Der 27. September ist ein bedeutender Tag. Dann wird in Ludwigsfelde bei Berlin der letzte Mercedes Vario, der große Bruder des Sprinters, gebaut. Warum das die Menschen in Bad Brückenau interessieren soll? Es bedeutet das endgültige Aus für die Elektrometall GmbH und ihre 26 Mitarbeiter.
Bis Montag, vielleicht ein paar Tage länger, wird in der Elektrometall-Halle das Licht brennen. Die letzten Kabelsätze werden ausgeliefert, die die kleine Firma für den Vario zulieferte. Eine Nische zum Überleben. Auch wenn sie klein war.
Anders als der Sprinter war der Vario kein Selbstläufer. Seit 1996 produziert, wurden im Jahr 2007 nur 5000 Stück verkauft. Die folgende Wirtschaftskrise ließ die Verkaufszahlen noch einmal sinken.
So richtig erholte sich der Vario nicht. Erst zuletzt zog der Absatz an, weil Kunden auf Vorrat kauften. 2012 waren es 2700 Exemplare.
Das reichte nicht, das Modell fortzuführen. Auf die Euro-6-Norm sollte es umgestellt werden; Pläne gab es schon. Doch die Daimler-Oberen entscheiden sich dagegen.
Warum genau, entzieht sich der Kenntnis von Betriebsleiter Rolf Dietrich. Die Entwicklungskosten sollen davon gelaufen sein.
Dass es zu Ende geht, wussten er und die Mitarbeiter „seit Weihnachten“. Überraschend kam das nicht. Das Aus des Vario ist nur der Endpunkt einer langen Entwicklung mit schicksalhaften Entscheidungen.
Daimler-Benz war schon lange Hauptkunde des 1952 in Brückenau angesiedelten Familienunternehmens. Ab Mitte der 1960er-Jahre belieferte es das Werk in Düsseldorf mit Kabelsätzen. 1986 verkaufte Inhaber Rolf Körling die Firma mit 110 Beschäftigten an die Nexans Autoelectric mit Sitz in Weiden (Oberpfalz).

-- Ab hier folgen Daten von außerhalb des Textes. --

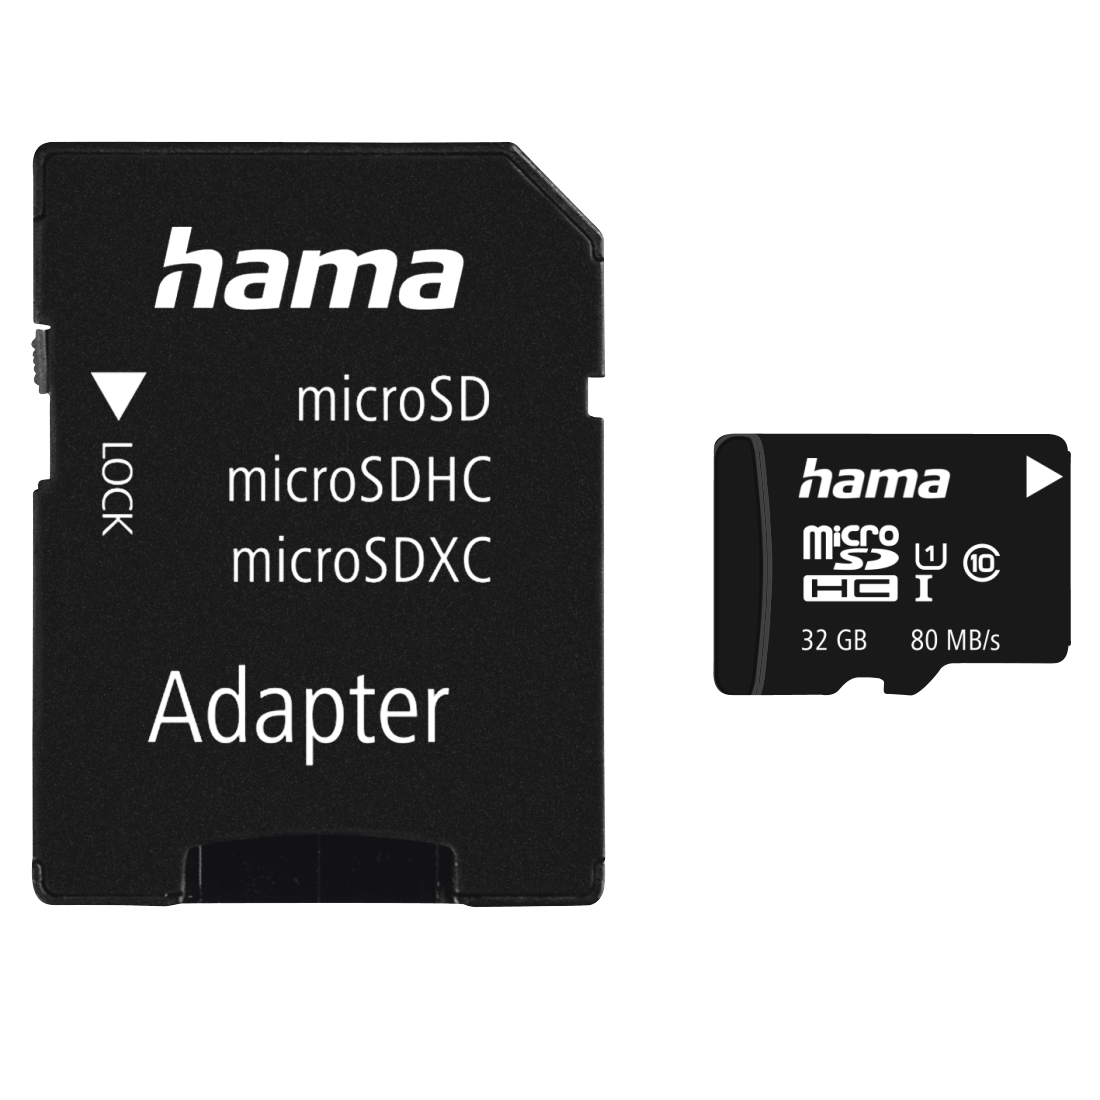 microSDHC 32GB Class 10 UHS-I 80MB/s + Adapter/Mobile | Hama

Anfang der 1990er stand die Firma am Scheideweg: Elektrometall wurde dem Daimler-Bereich Ludwigsfelde zugeschlagen. Nicht weit von dort, in Arensfelde bei Berlin, sollte ein riesiges Nutzfahrzeugzentrum entstehen, von dort das Osteuropageschäft von Daimler organisiert werden. Das Zentrum wurde nie gebaut.
„Dadurch hatten wir von vornherein das kürzere Streichholz“, sagt Dietrich. Wer weiß: Wäre Elektrometall noch Düsseldorf zugeordnet, wäre es vielleicht weitergegangen.
Allerdings nicht lange. Darüber macht sich Dietrich keine Illusionen. Denn für ihn ist Elektrometall ein Opfer der wirtschaftlichen Globalisierung mit undurchdringlichen Firmengeflechten und einem Überangebot an billigen Arbeitskräften in Osteuropa und Übersee: „An ein Drittel der Fertigungskosten kommt man eben trotz cleverster Einsparideen nicht heran.“ Nexans Autoelectric mit seinen 7000 Mitarbeitern an 23 Standorten weltweit ist nur Teil der globalen Nexans-Gruppe mit Sitz in Paris. Der Großkonzern hat 26 000 Mitarbeiter.
Unwahrscheinlich, dass dessen Bosse an das Schicksal der 26 Leute von Elektrometall dachten, als sie den kleinen Rhön-Betrieb dicht machten. Bald sind die Elektrometaller ohne Job, wenn auch mit Abfindung. Fachleute auf ihrem Gebiet waren sie, sagt der 56-jährige Dietrich, aber kaum mit Chancen auf dem Arbeitsmarkt. Denn am Schluss blieben die Älteren, meist Frauen, einst extra für die Kabelproduktion angelernt. Insofern gibt es Parallelen zu der benachbarten Textilfirma Ferkinghoff. Die hatte 2011 vor der globalen Konkurrenz kapituliert.
Immerhin: Der Betriebsleiter bescheinigt seinen Leuten hohe Arbeitsmoral bis zuletzt. Als das Ende absehbar war, hätten sie bereitwillig Überstunden geleistet und wären auch samstags gekommen. Genutzt hat das nichts.